Friday, July 4, 2014

The matter of perspective

     Numerous prompts over the last week . . .
     1)  Last Saturday, I stood with my back to Pike's Peak, looking at a young couple who were "plighting their troth" to use the old language.  Congrats to Casey and Megan on their marriage!  Prior to walking down the "aisle", Casey and I had a final little conversation about marriage.  I noted (and he remembered) that, within a week following their wedding, my wife and I would be celebrating our 32nd wedding anniversary.  He nodded, and said that he'd taken that "perspective" to heart as he recalled our conversations prior to the wedding.  Yes, I thought, thirty-plus years doesprovide a certain level of perspective on sustaining a relationship that newlyweds don't quite have (but I hope they will!).
     2)  Earlier this week I was camping with my son at, what I believe, is THE . . . BEST . . . CAMPGROUND . . . EVER!  (and, no, I won't tell!).  We were joined in the campground by a family from Georgia (although the wife had grown up in Colorado Springs). The kids -- new to camping in CO -- were blown away and kept saying, "We NEED to move here!" From a Georgia perspective, we, in Colorado, might take things a bit for granted -- although they're pretty awesome!
     3)  The same family quickly hiked their way to a rock formation that overlooked the campground (pictured above, with CO Spgrs grandpa on the left).  My son and I hiked up there the following day, and the view of our campsite from that vantage point was quite different from camp-fire level.  Well, it's a matter of perspective.
     4)  As mentioned above, at the point of celebrating a thirty-two year long marriage, I are reminded of how different life looks at this point than it did when we walked downour aisle those many years ago . . . in a very different setting than Casey and Megan.  Joys.  Sorrows.  Challenges.  Successes.  Moves.  Job changes.  Deaths of parents.  Advent of children.  Wow!  Do I see things with a different perspective now (that my kids don't understand!)!
     5)  Last evening, on the 151st anniversary of the end of the Battle of Gettysburg, I was watching the mini-series about that important event.  At many points during the movie, the generals tried to find their way to the highest point possible (a school tower, or a promontory, or even a fence rail), in order to gain a better perspective on how the various engagements were faring.  They needed to see things that the foot-soldiers were not. 
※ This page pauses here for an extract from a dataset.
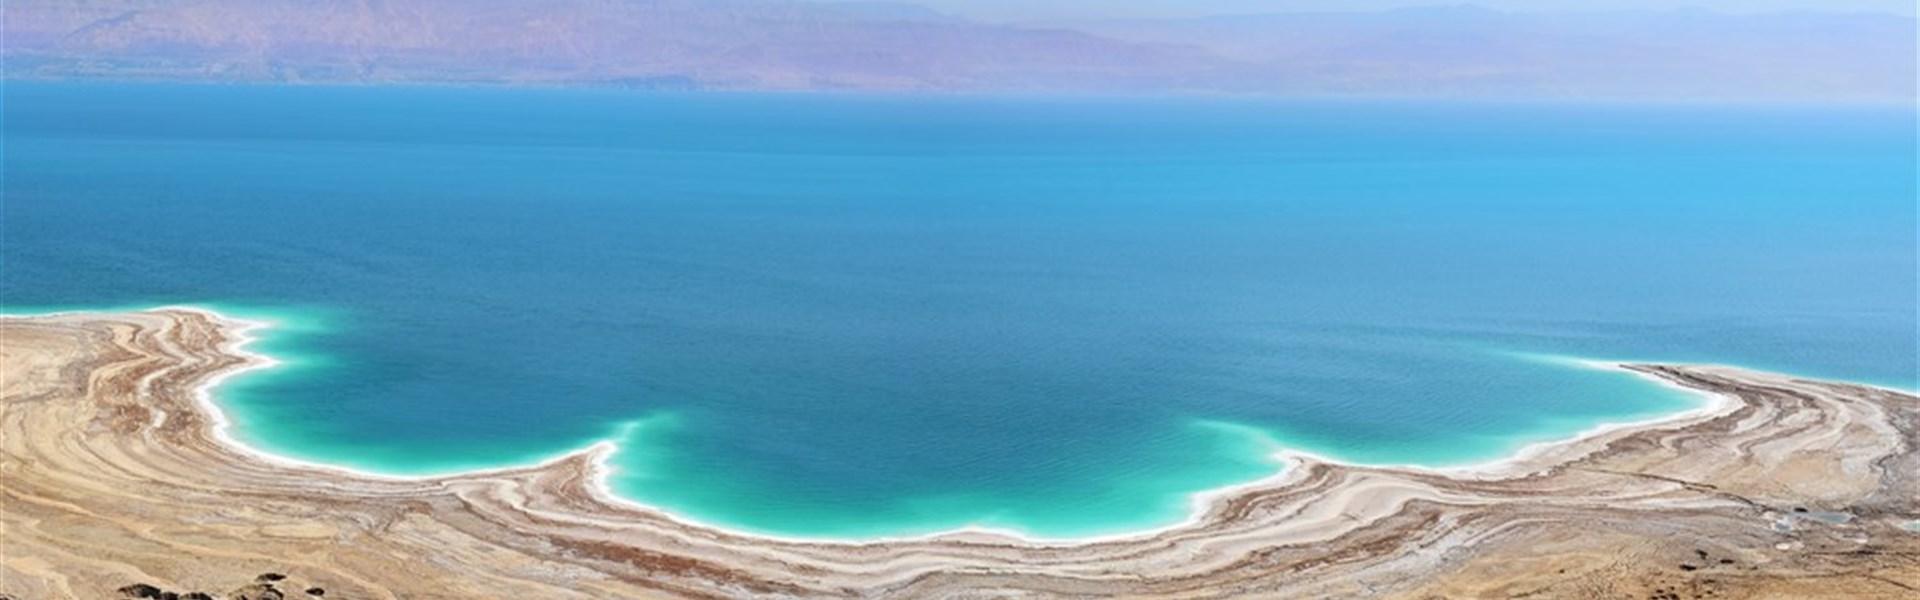 Okruh - Petra, Wadi Rum, Mrtvé moře - Mrtvé moře

     6)  Today, I am writing on the 238th anniversary of the founding of the United States of America.  And I read regularly about the conflicts in other countries around the world who are struggling to build their own futures.  I'm often struck by how commentators (or "opinionators") forget that we have a perspective born of that history that those still engaged in natal struggle do NOT have.  The talking heads seem so quick to condemn others for not being as "enlightened" as we.  We often forget our backs-and-forths, our struggles, our controversies, that have led us to where we find ourselves.  We would do well to remember.
      Finally, I'm reminded of the end of the biblical book of Job, after Job and his friends argue over WHY Job-the-righteous has had to suffer all the calamities he's experienced.  God speaks:  "Who is this that darkens counsel by words without knowledge . . . Where were you when I laid the foundation of the earth?  . . . Who determined its measurements--surely you know! . . . Have you commanded the morning since your days began? . . . Can you bind the chains of the Pleiades or loose the cords of Orion?" (and there's more!  Job 39-41).  God forcefully reminds Job that his perspective isn't quite complete.
      The reminder that was this week is that perspective is crucial.  That doesn't mean that we should not use our experience -- our perspective -- as a launching pad for arguing our point in a marital conflict, OR seeking justice on a global scale.  It only suggests that a bit of humility might be a substantial aid in our efforts, a recollection that our perspective is not the only one.